We illustrate the first three potential problems using schedules to show the chronological order in which operations are performed. A schedule is a list of the actions that a set of transactions performs, showing the order in which they are performed. In a schedule, we have a column showing time points, a column for each transaction showing the steps of that transaction that are executed at each time point, and columns for database attributes whose values are being read or written. The order of operations in each transaction is preserved, but steps from another transaction can be performed during its execution, resulting in an interleaving of operations.

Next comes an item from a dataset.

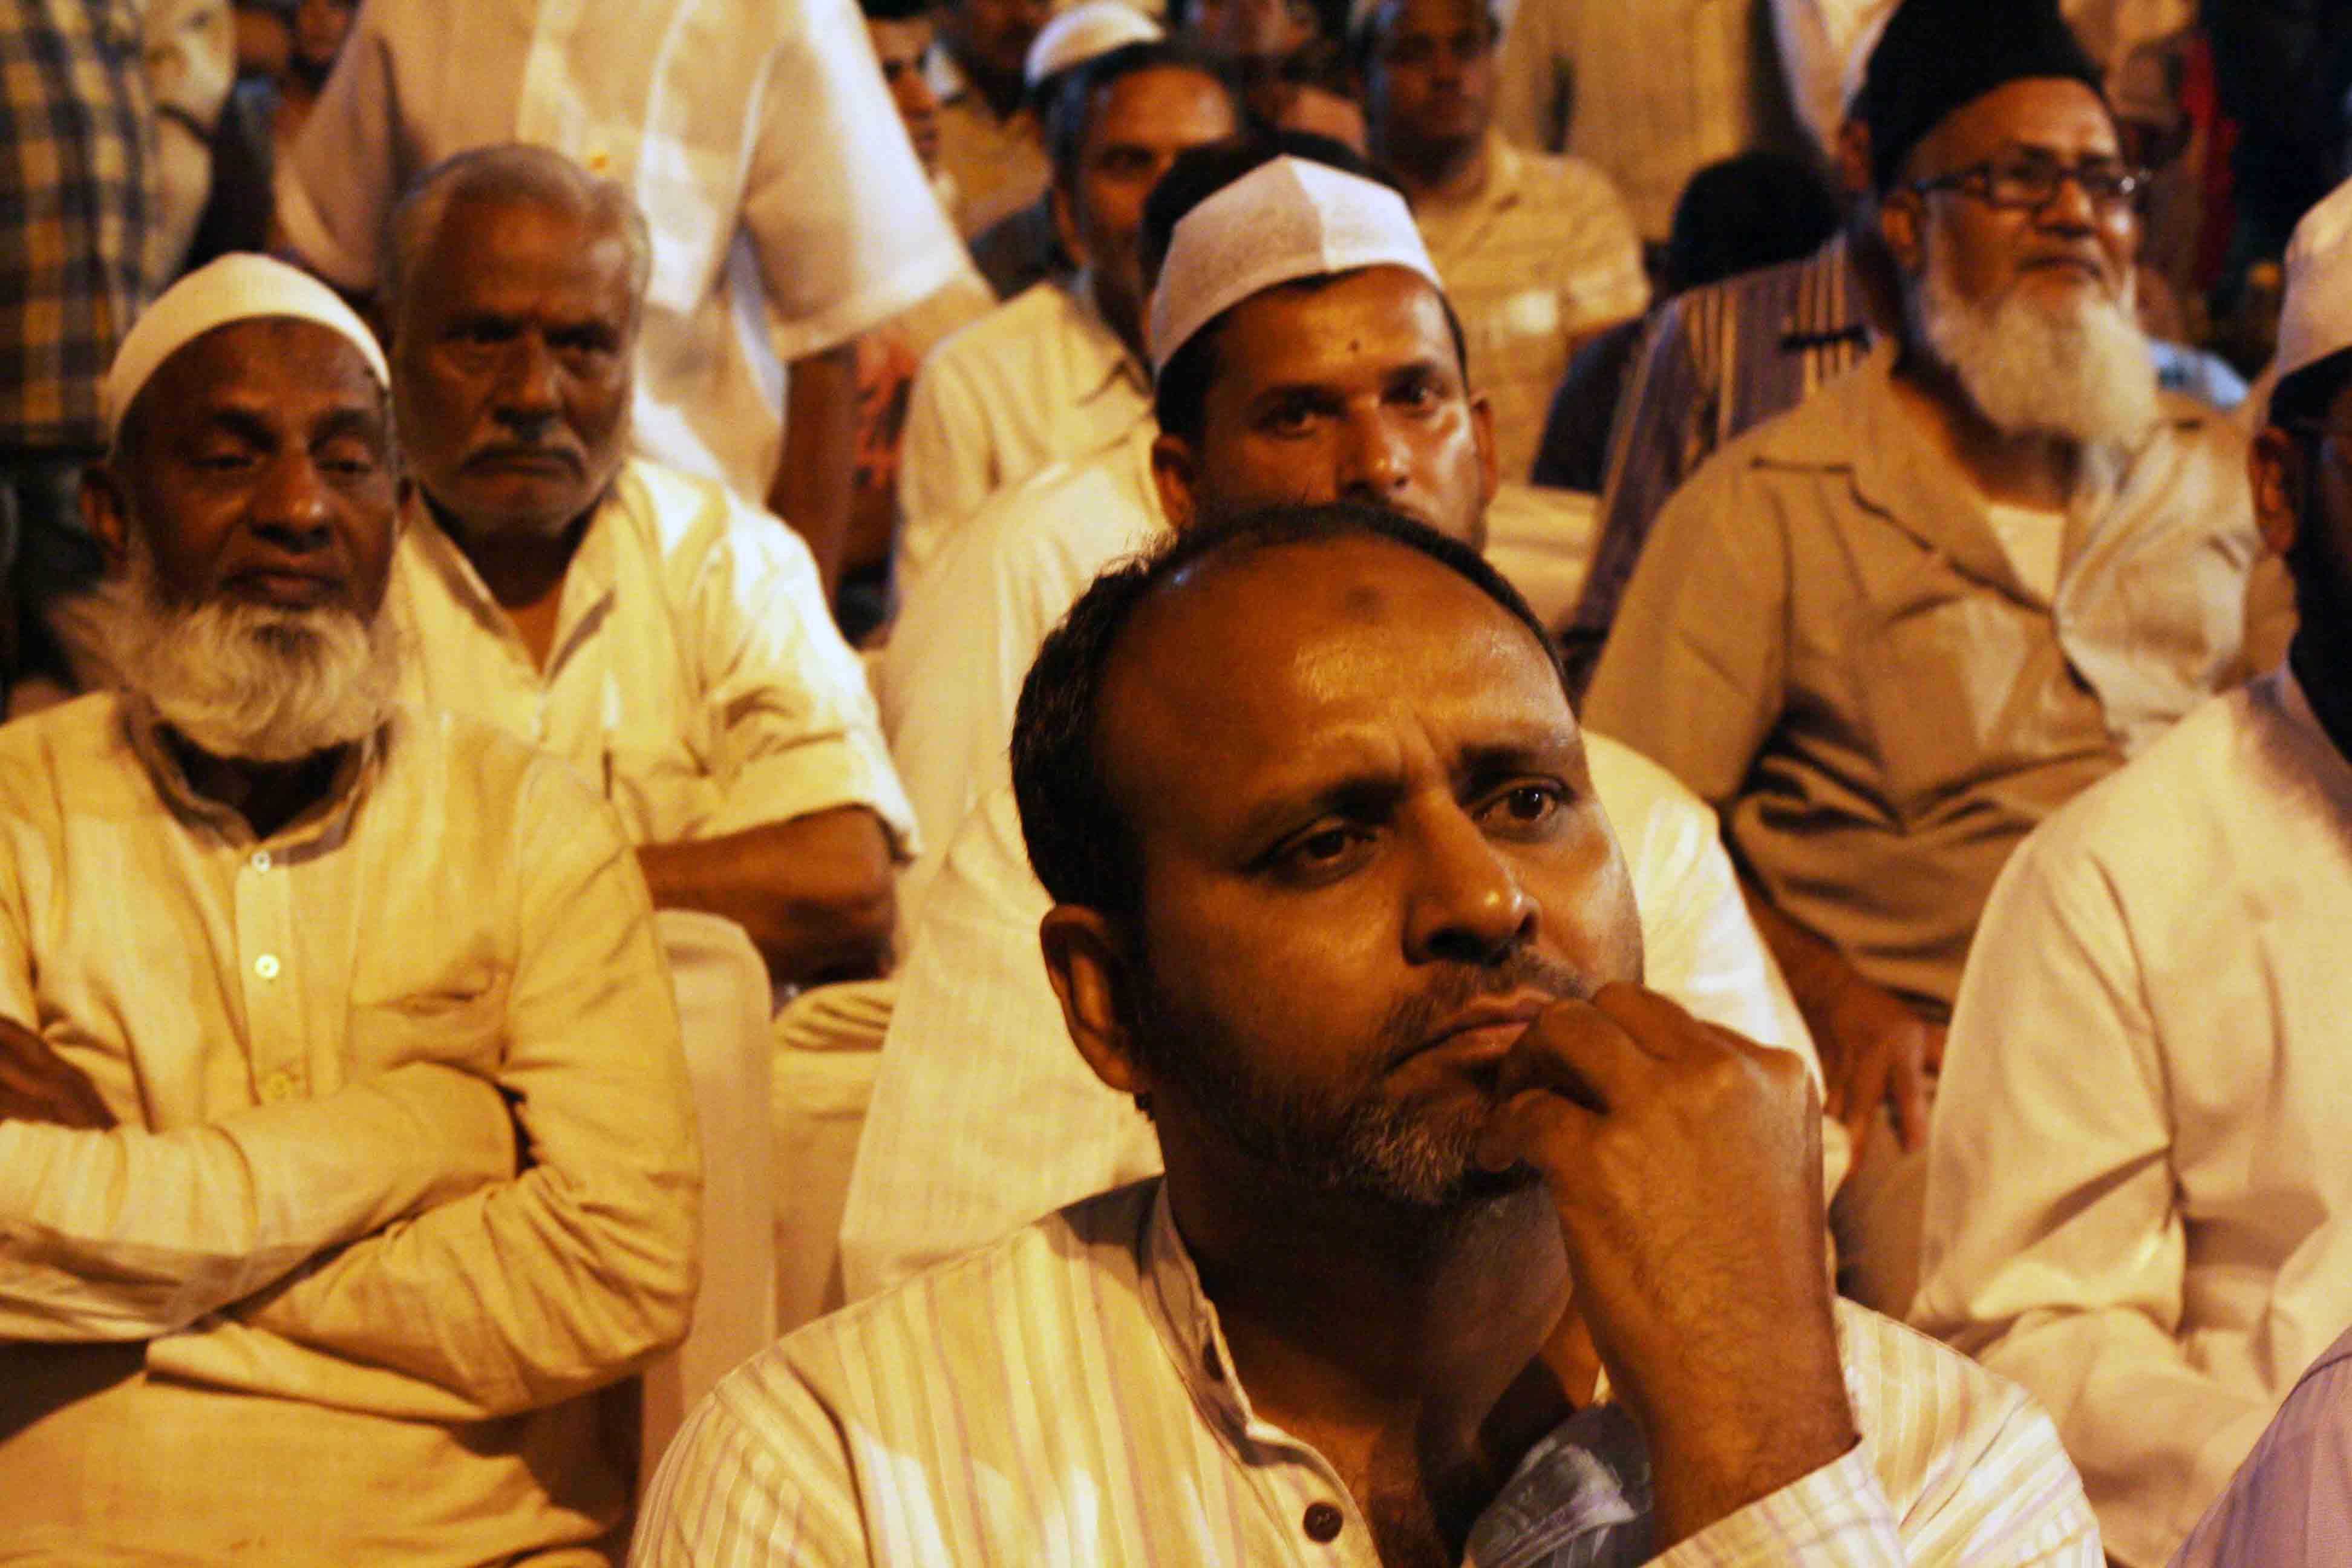 City Notes - National Election, Jama Masjid

11.2.1 The Lost Update Problem

Suppose Jack and Jill have a joint savings account with a balance of 1000. Jill gets paid and decides to deposit 100 to the account, using a branch office near her job. Meanwhile, Jack finds that he needs some spending money and decides to withdraw 50 from the joint account, using a different branch office. If these transactions were executed serially, one after the other with no interleaving of operations, the final balance would be 1050 regardless of which was performed first. However, if they are performed concurrently, the final balance may be incorrect.

FIGURE 11.3 shows a schedule for a concurrent execution that results in a final balance of 1100. The first column of schedule shows sequential units of time as t1, t2, etc., to show the chronological order for operations. The only operations that involve the database are explicitly shown as read <attribute_name> or write <attribute_name>. As shown in Figure 11.1, these operations involve either reading a value from the database into the buffer (read) or writing a new value to the database page in the buffer (write) and later copying the modified page out to the database. The transaction variables, which we assume for the sake of simplicity have the same name as the database attributes they correspond to, are separate from the database attributes. Updating a transaction variable (i.e., assigning a value to a program variable) has no effect on the database until a write <attribute_name> command for the corresponding database attribute is encountered.

A table illustrating the Lost Update Problem. The table has 4 columns labeled Time, Jack’s Transaction, Jill’s Transaction, and database bal. The row entries are as follows.
Row 1. Time: t 1. Jack’s transaction: BEGIN TRANSACTION. Jill’s transaction: blank. database bal: blank.
Row 2. Time: t 2. Jack’s transaction: read BAL open parentheses reads 1000 close parentheses. Jill’s transaction: BEGIN TRANSACTION. database bal: 1000.
Row 3. Time: t 3. Jack’s transaction: dot, dot, dot. Jill’s transaction: read BAL open parentheses reads 1000 close parentheses. database bal: 1000.
Row 4. Time: t 4. Jack’s transaction: BAL equals BAL minus 50 open parentheses assigns 950 to BAL close parentheses. Jill’s transaction: dot, dot, dot. database bal: 1000.
Row 5. Time: t 5. Jack’s transaction: write BAL open parentheses writes 950 close parentheses. Jill’s transaction: BAL equals BAL plus 100 open parentheses assigns 1100 to BAL close parentheses. database bal: 950.
Row 6. Time: t 6. Jack’s transaction: COMMIT. Jill’s transaction: dot, dot, dot. database bal: 950.
Row 7. Time: t 7. Jack’s transaction: blank. Jill’s transaction: write BAL open parentheses writes 1100 close parentheses. database bal: 1100.
Row 8. Time: t 8. Jack’s transaction: blank. Jill’s transaction: COMMIT. database bal: 1100.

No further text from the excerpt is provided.